Paul
Goble
Staunton, February 29 – In an action
that recalls the worst cases of insider dealing and privatization in the 1990s,
a small company that has dealt mostly in elevator music in the past has been
allowed to buy the Soviet-Russian music giant Melodiya studio, its
archives and all its assets for the absurdly low price of five million US
dollars.
Formax almost certainly will value
strip the company, selling off its assets for tens if not hundreds of millions
of dollars and thus destroy one of the most important collections of recordings
of Soviet and Russian musicians. As such, music historian Andrey Koryakovtsev
says, it is “a blow to Russian culture.”
“To assess the value of Melodiya in
money is impossible,” the historian continues; it does not have a market price;
and it is the property of society,” not of officials at the culture ministry or
the Russian property administration. But
the way the sale was conducted – at an auction with only two bidders present,
one of which deferred to the other – shows officials think otherwise.

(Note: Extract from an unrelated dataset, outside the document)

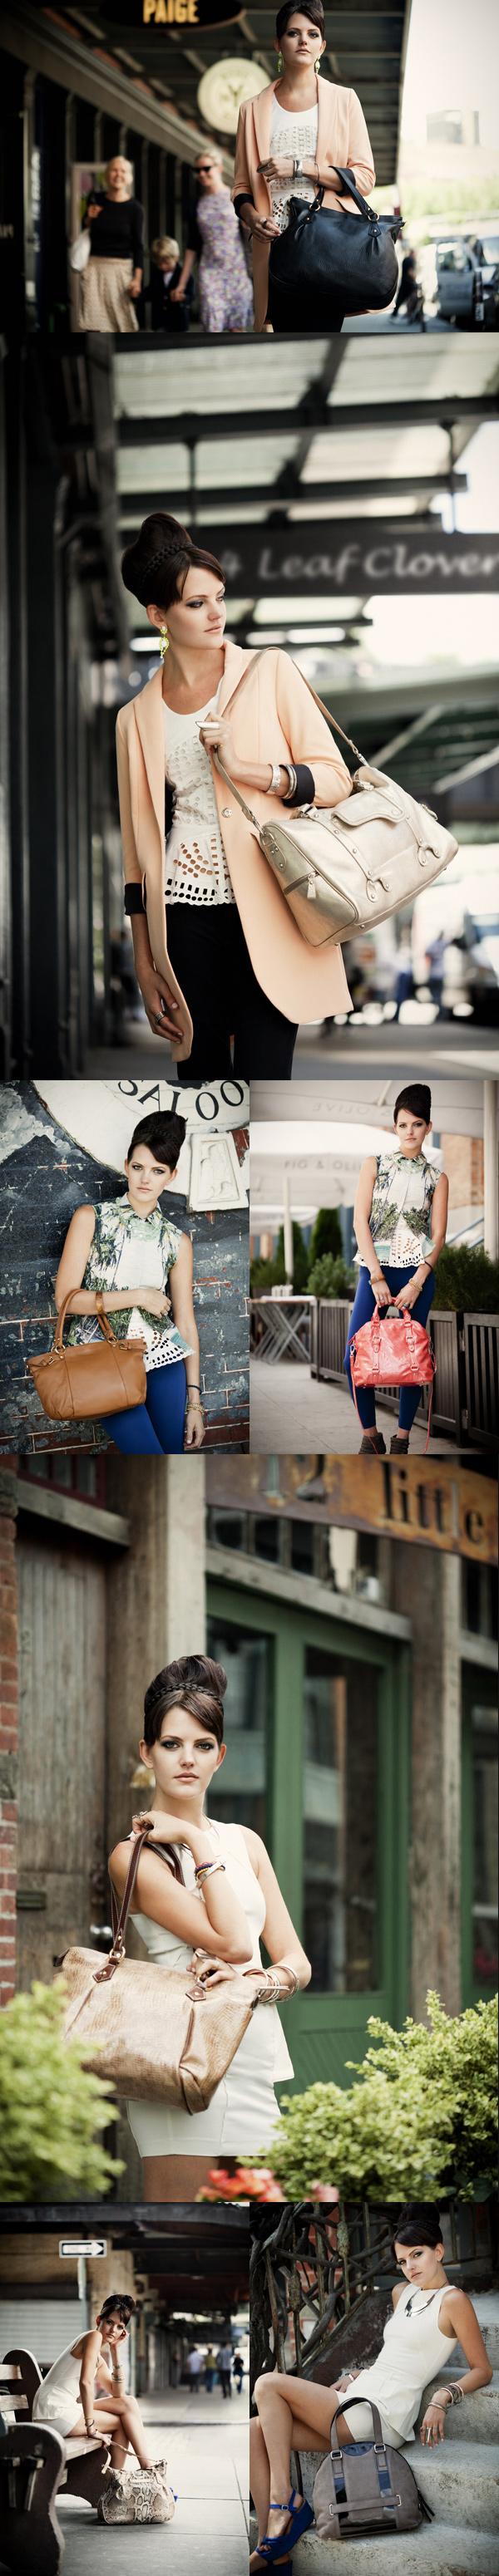 May 21, 2013 4 Leaf Clover handbags

Ruslan Gorevoy, a Versiya commentator,
who cites Koryakovtsev’s observations, points out that last year, Melodiya
marked its 55th anniversary. During Soviet times, the recording
monopolist created a unique archive.” Even small parts of it are worth millions
(versia.ru/rosimushhestvo-prodalo-za-bescenok-nacionalnoe-dostoyanie-rossii).

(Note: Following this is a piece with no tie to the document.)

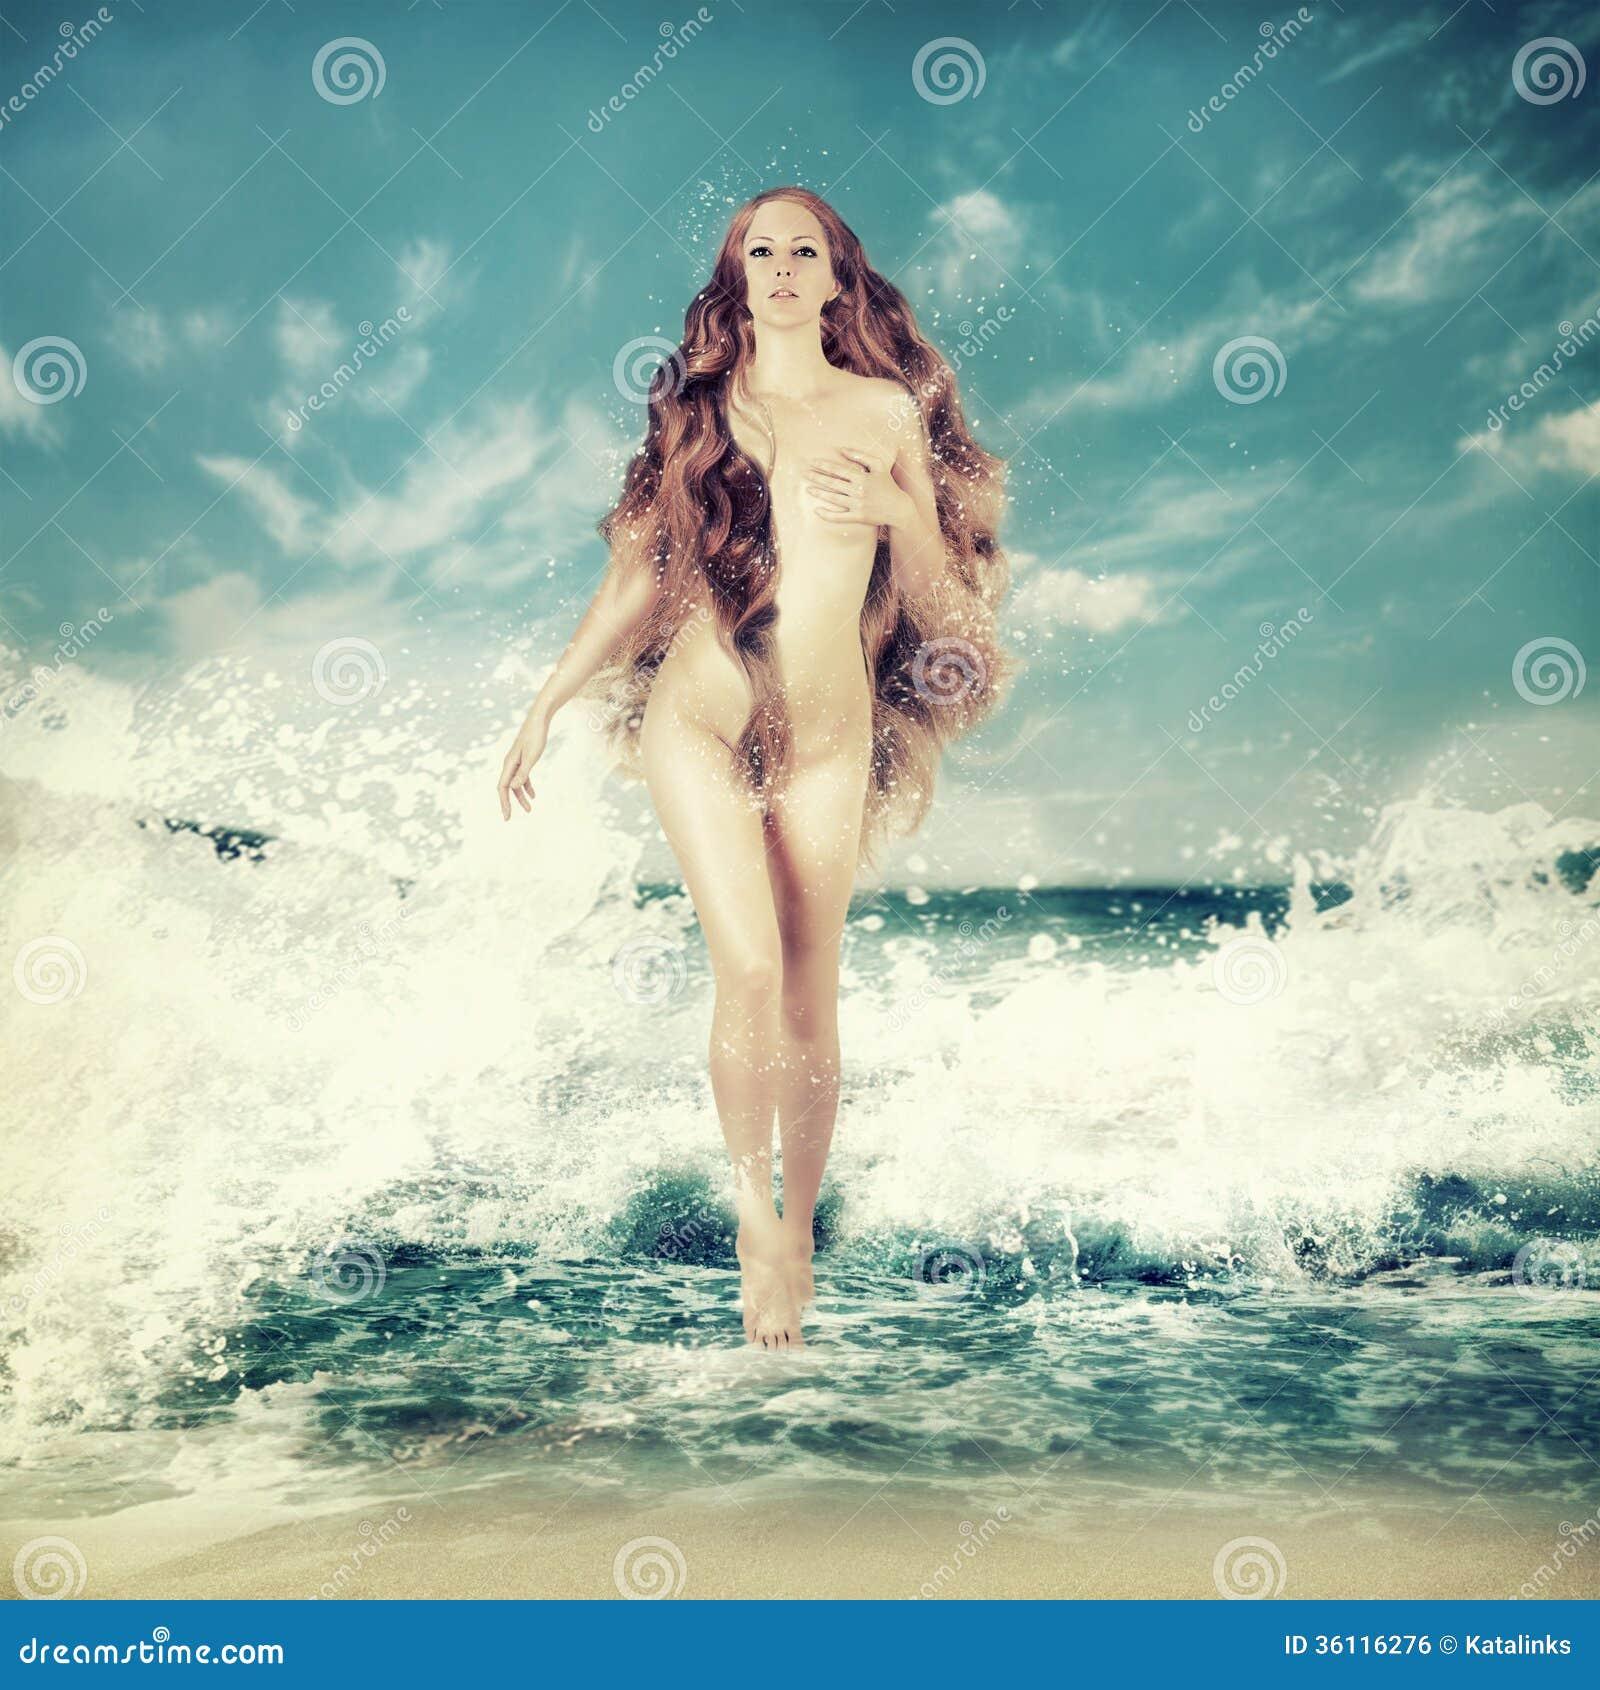 Very cute desi girl naked

Why then was Formax able to purchase
everything for only five million? And why did the second “bidder,” Soyuz, defer
to it? The answers he says arise from
the fact that people in the culture ministry viewed the sale as a way for them
to make money not only now but in the future. They arranged things because Formax
alone was ready to play.
That company, Vedomosti
reports (vedomosti.ru/media/articles/2020/02/20/823569-gosudarstvo-melodiya), did not have the five milliion and so had to
borrow to pay it. Obviously, those who expected to profit did not want the
price to be so high that it would have had to borrow even more, despite the
fact that they expect to make far more back.
Gorevoy
details the background of Formax as well as the criminal charges that have been
brought against the company and its owners in order to suggest that the
priceless recordings of some of Russia’s greatest musicians that were made by Melodiya
may now be lost to the highest foreign bidder.
But
those involved in this murky business, he suggests, don’t care about culture;
they only care about cash.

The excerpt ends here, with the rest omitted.